SUPPLIED INFORMATION =>
--------------------
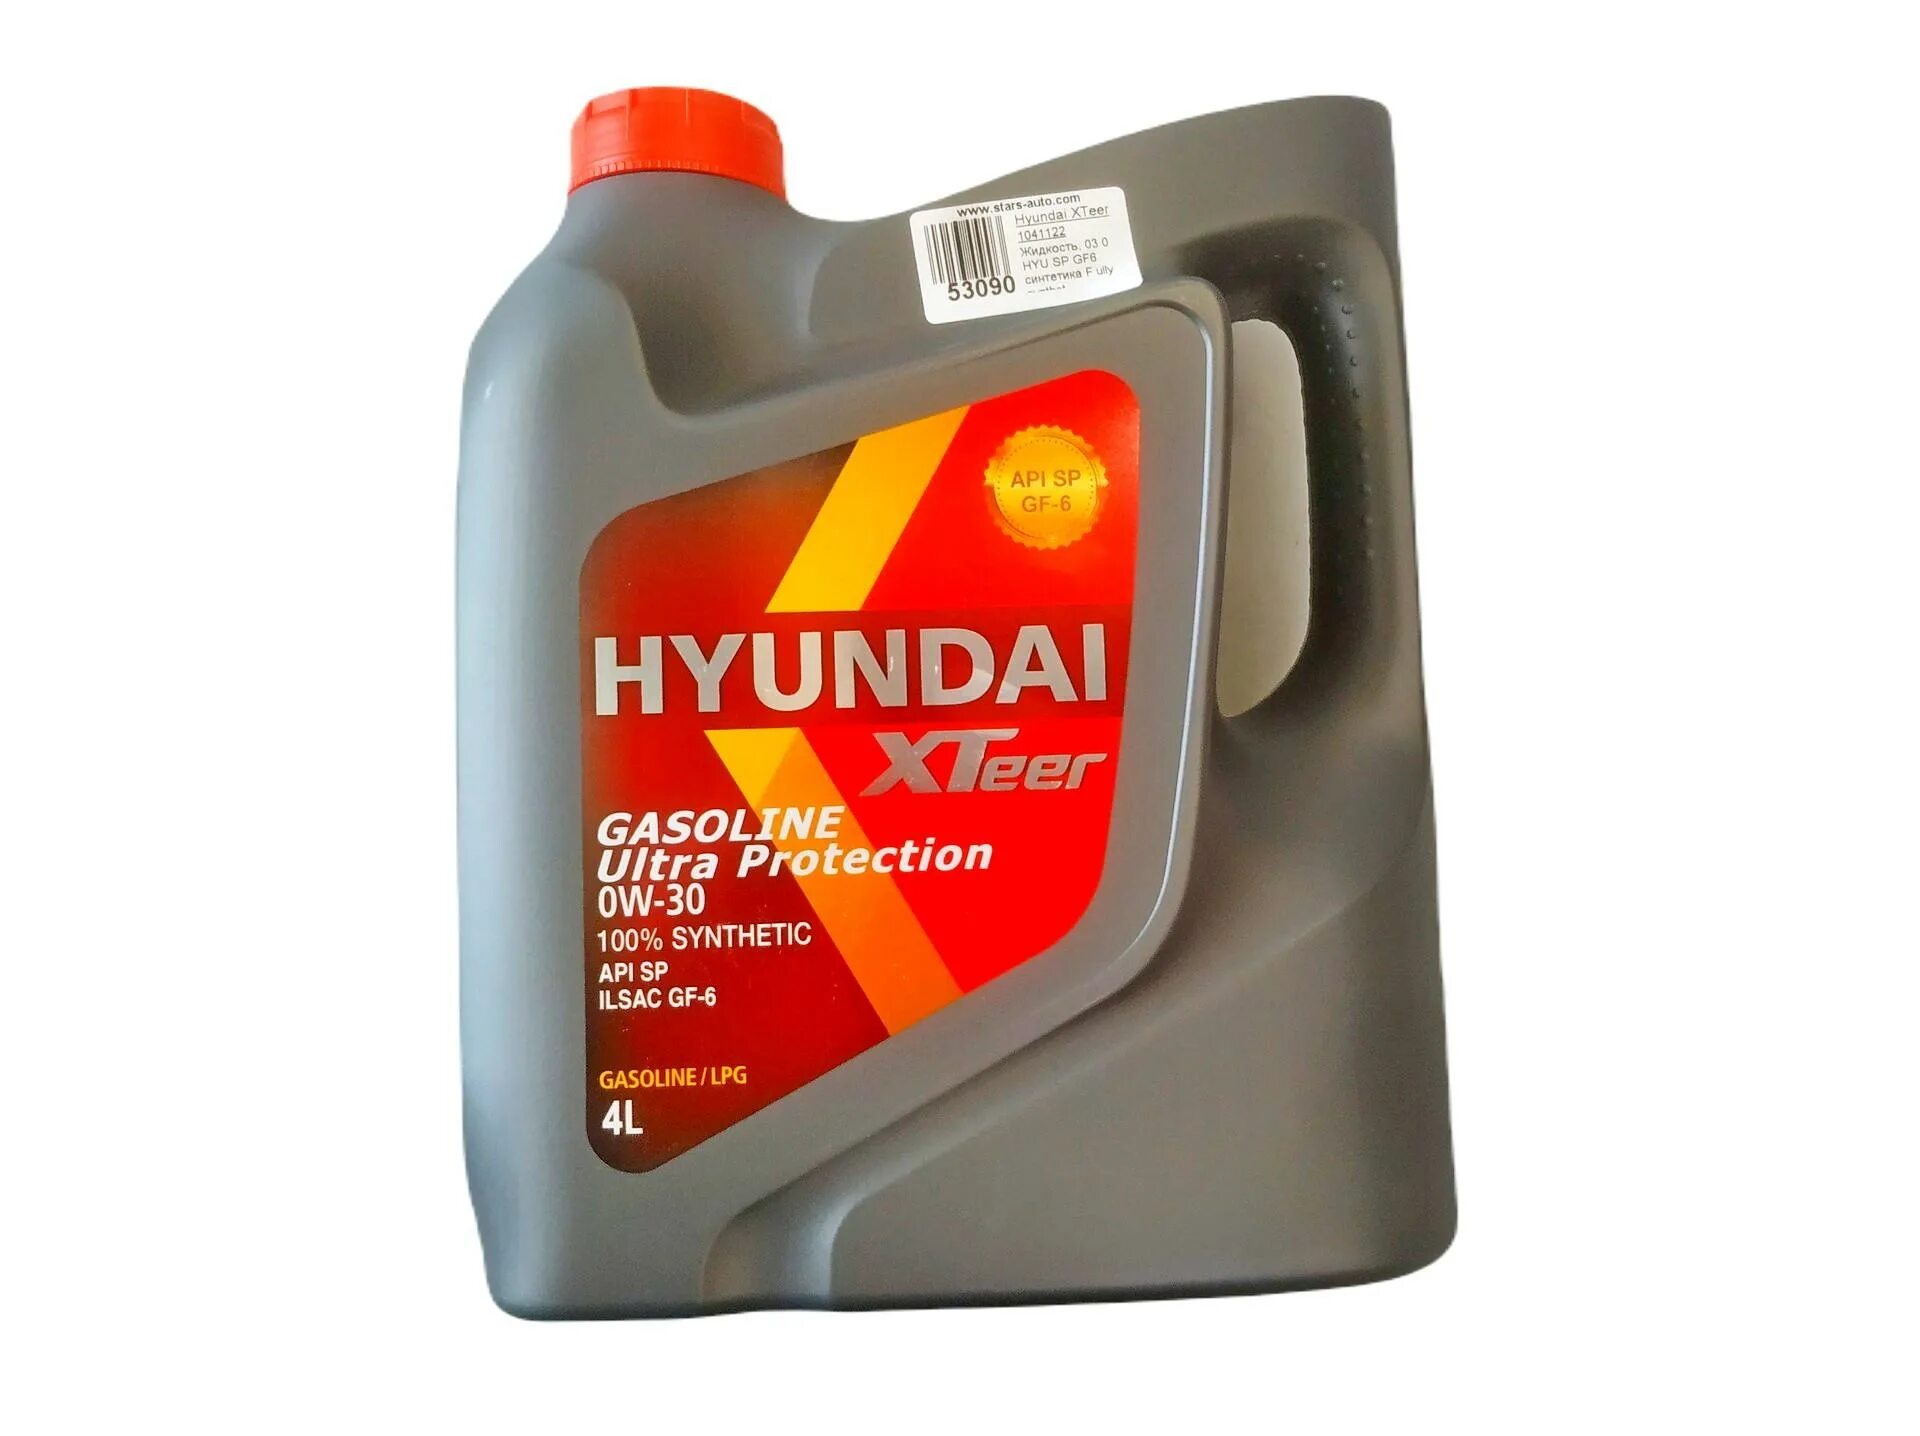 Hyundai XTEER Ultra Protection 1l. Hyundai XTEER 1041412. Hyundai XTEER Gear Oil-5 75w90. Hyundai XTEER 1041126 Hyundai XTEER (g800) gasoline Ultra Protection.
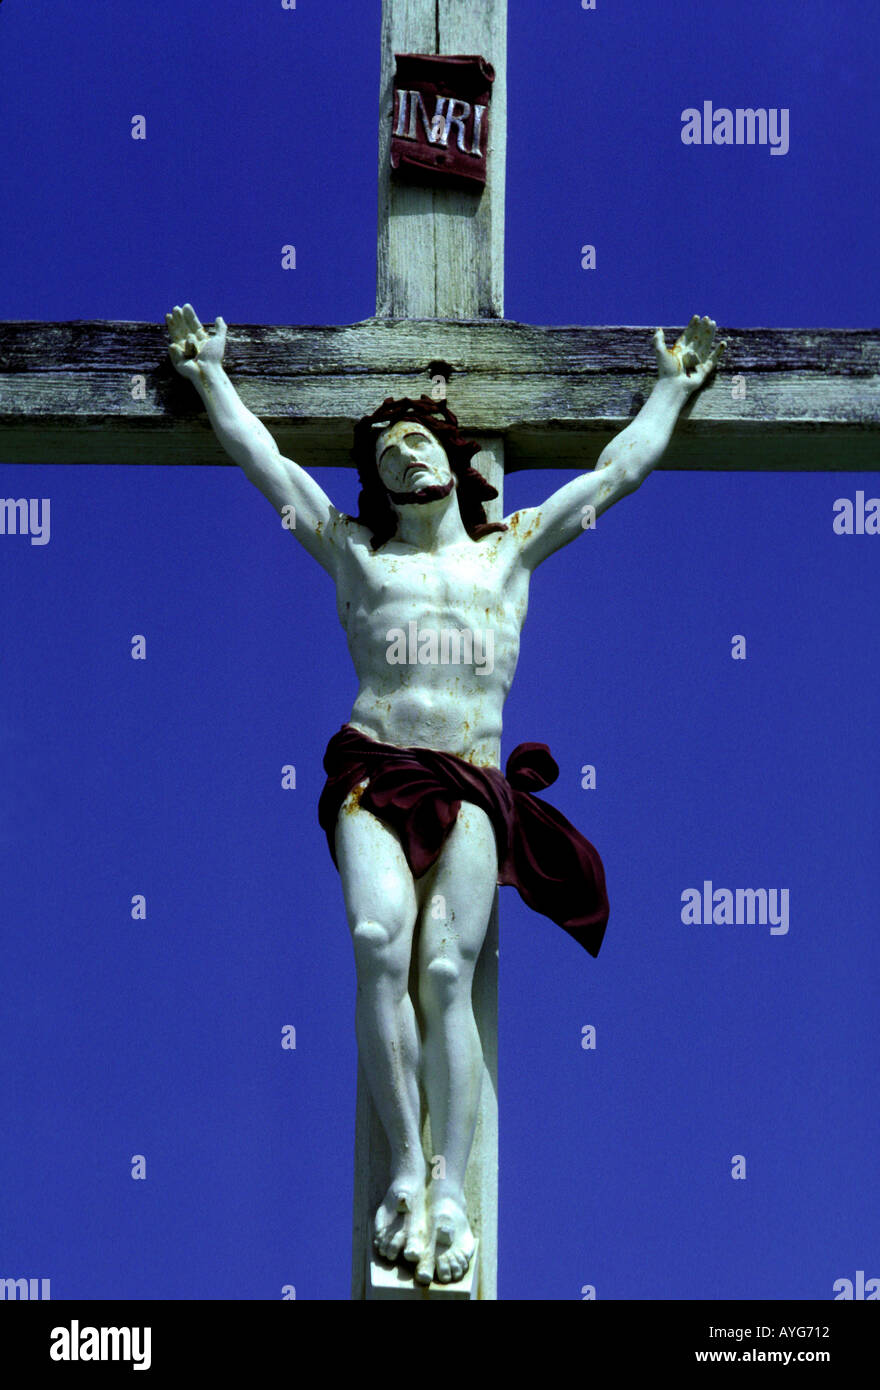 Jésus Christ sur la croix crucifix crucifixion de l'église de la ville de Le MARIN Le Marin Martinique Antilles Françaises Banque D'Images
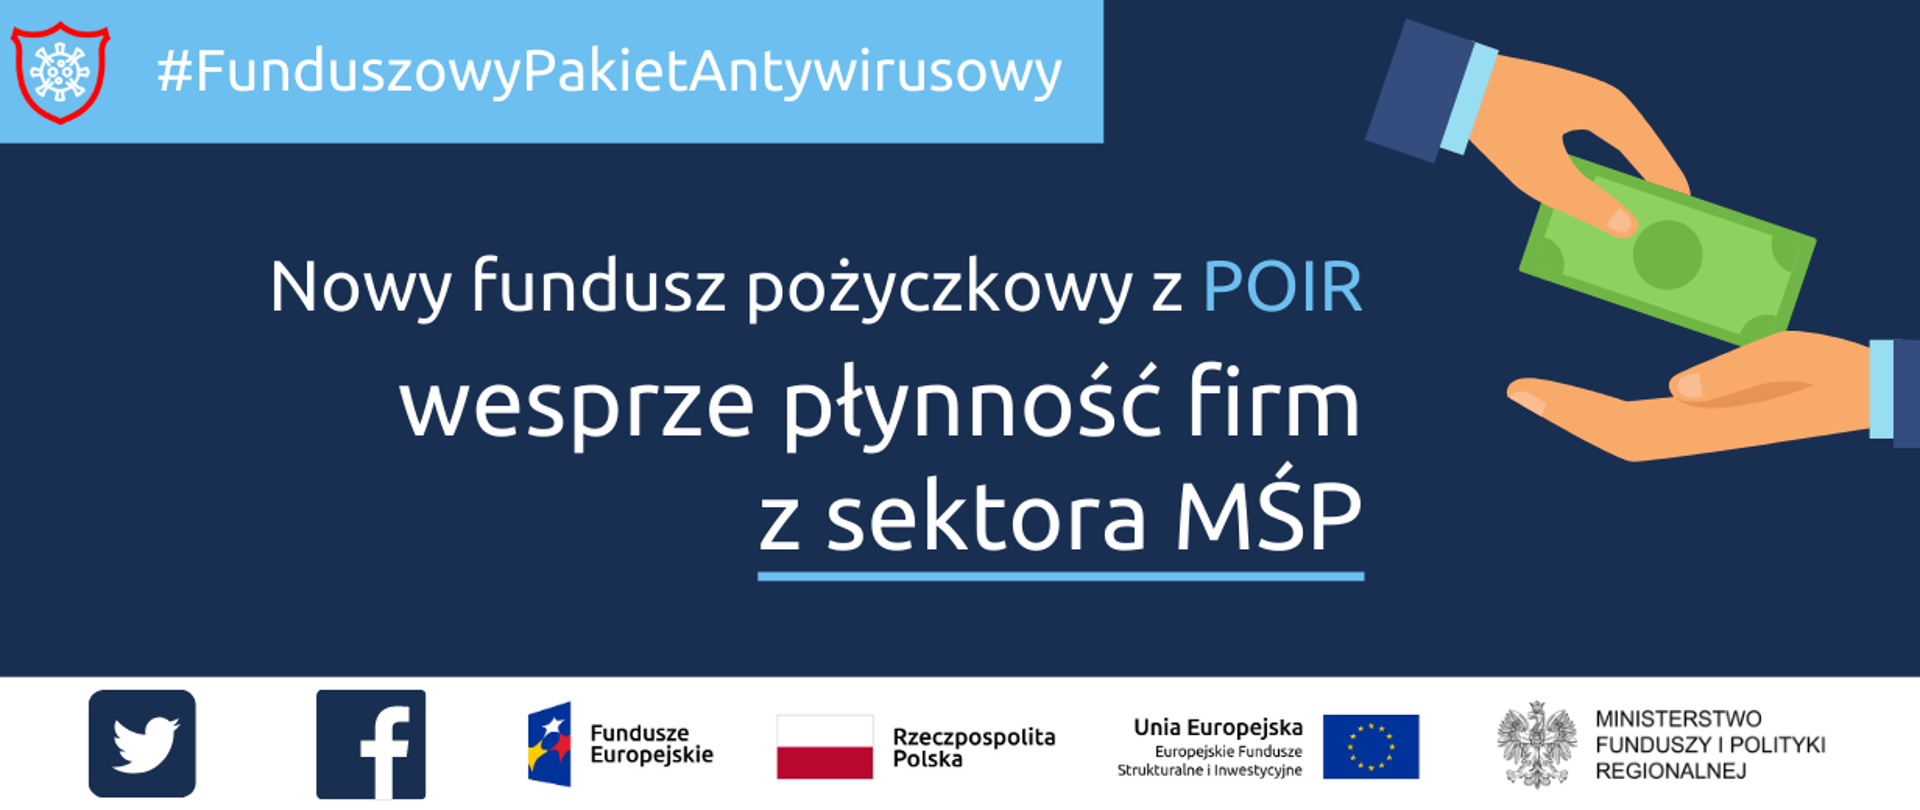 Tekst: Funduszowy Pakiet Antywirusowy. Nowy fundusz pożyczkowy z POIR wesprze płynność firm z sektora MŚP. Po lewej stronie grafika przedstawiająca dwie dłonie podające sobie banknot. Na dole unijne logotypy i flaga Polski
--------------------
WHAT NEEDS TO BE DONE => Only the lines from the one with "Jésus Christ sur" through the final line of the data should be written out, exactly and including both ends. Skip the pictures.

SOLUTION FOR THIS PROBLEM =>
 Jésus Christ sur la croix crucifix crucifixion de l'église de la ville de Le MARIN Le Marin Martinique Antilles Françaises Banque D'Images
 Tekst: Funduszowy Pakiet Antywirusowy. Nowy fundusz pożyczkowy z POIR wesprze płynność firm z sektora MŚP. Po lewej stronie grafika przedstawiająca dwie dłonie podające sobie banknot. Na dole unijne logotypy i flaga Polski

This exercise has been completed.